YOUR TASK: The material below includes pictures; leave them out and return only the lines between the line containing "株式会社 Hori ワイヤレスホリパッド For Nintendo Switch" and the line containing "séptimo chakra de", inclusive, word for word.

PROVIDED MATERIAL:
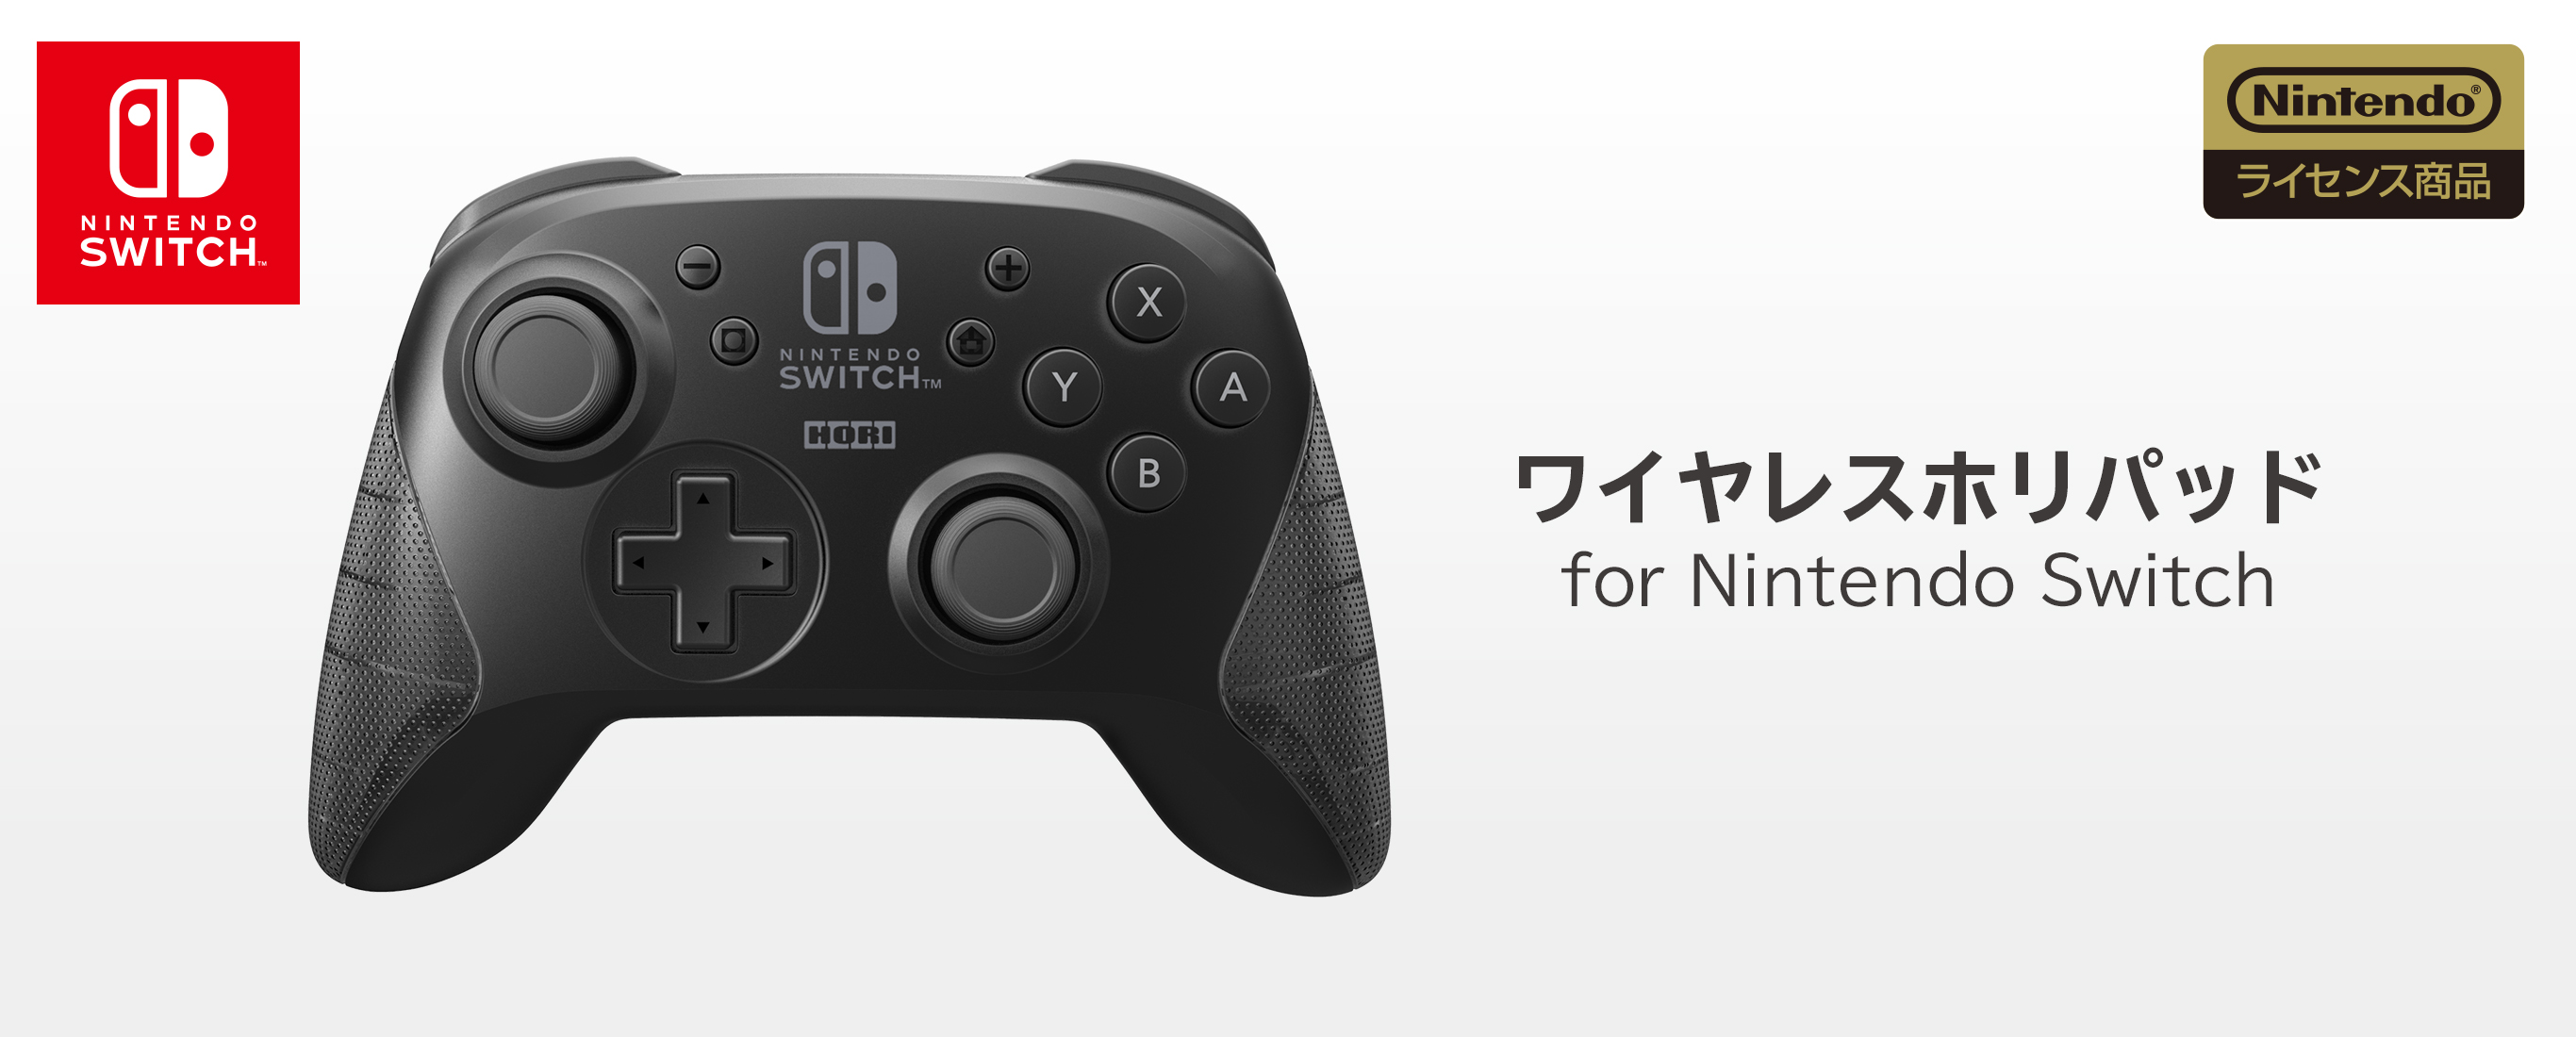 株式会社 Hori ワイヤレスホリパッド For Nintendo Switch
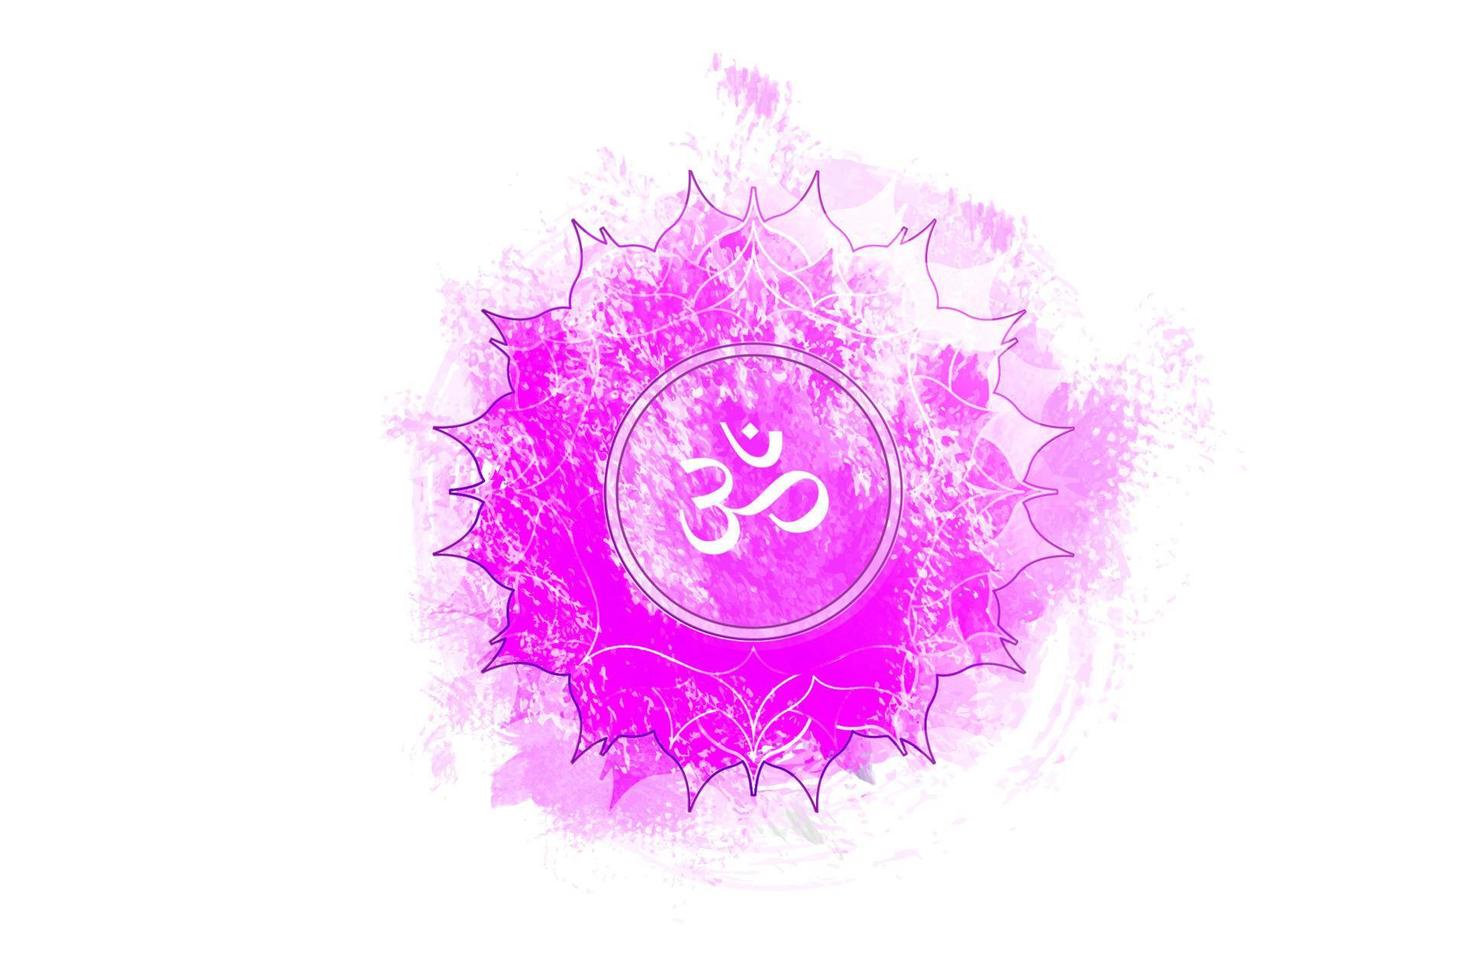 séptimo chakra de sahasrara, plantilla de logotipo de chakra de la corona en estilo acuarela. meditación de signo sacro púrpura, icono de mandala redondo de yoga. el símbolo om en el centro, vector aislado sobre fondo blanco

--

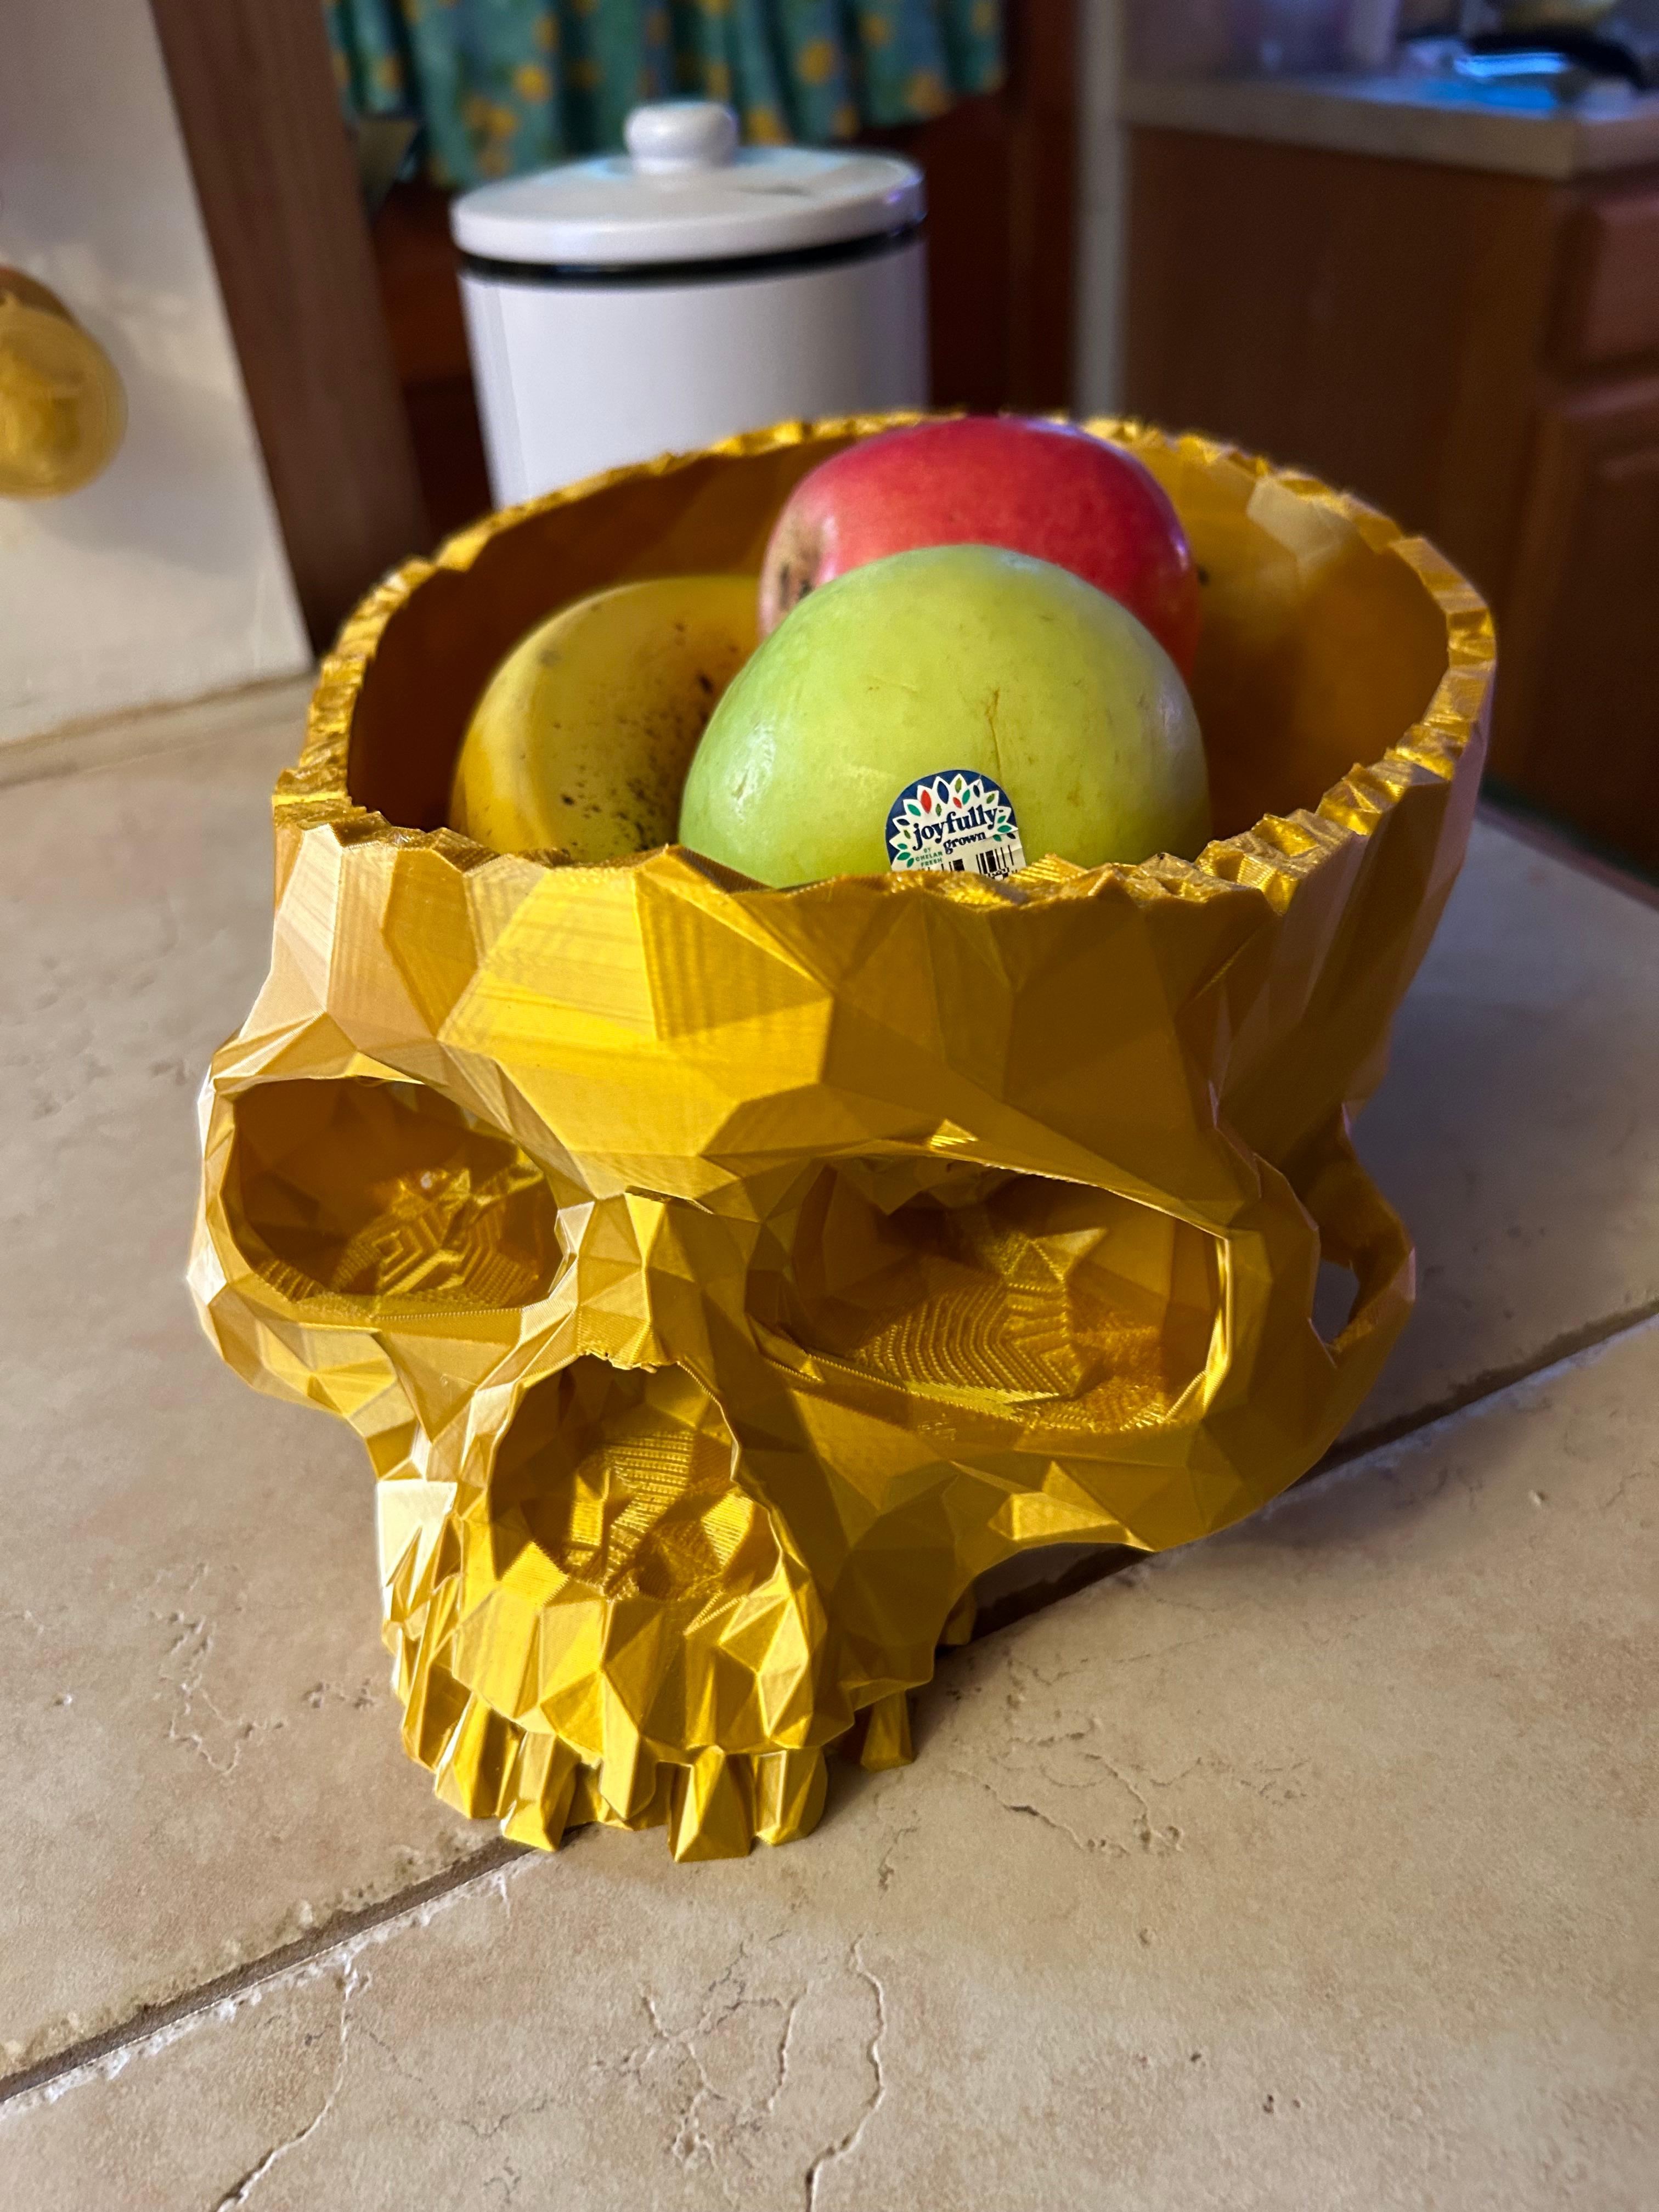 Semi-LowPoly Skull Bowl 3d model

RESULT BELOW:
 株式会社 Hori ワイヤレスホリパッド For Nintendo Switch
 séptimo chakra de sahasrara, plantilla de logotipo de chakra de la corona en estilo acuarela. meditación de signo sacro púrpura, icono de mandala redondo de yoga. el símbolo om en el centro, vector aislado sobre fondo blanco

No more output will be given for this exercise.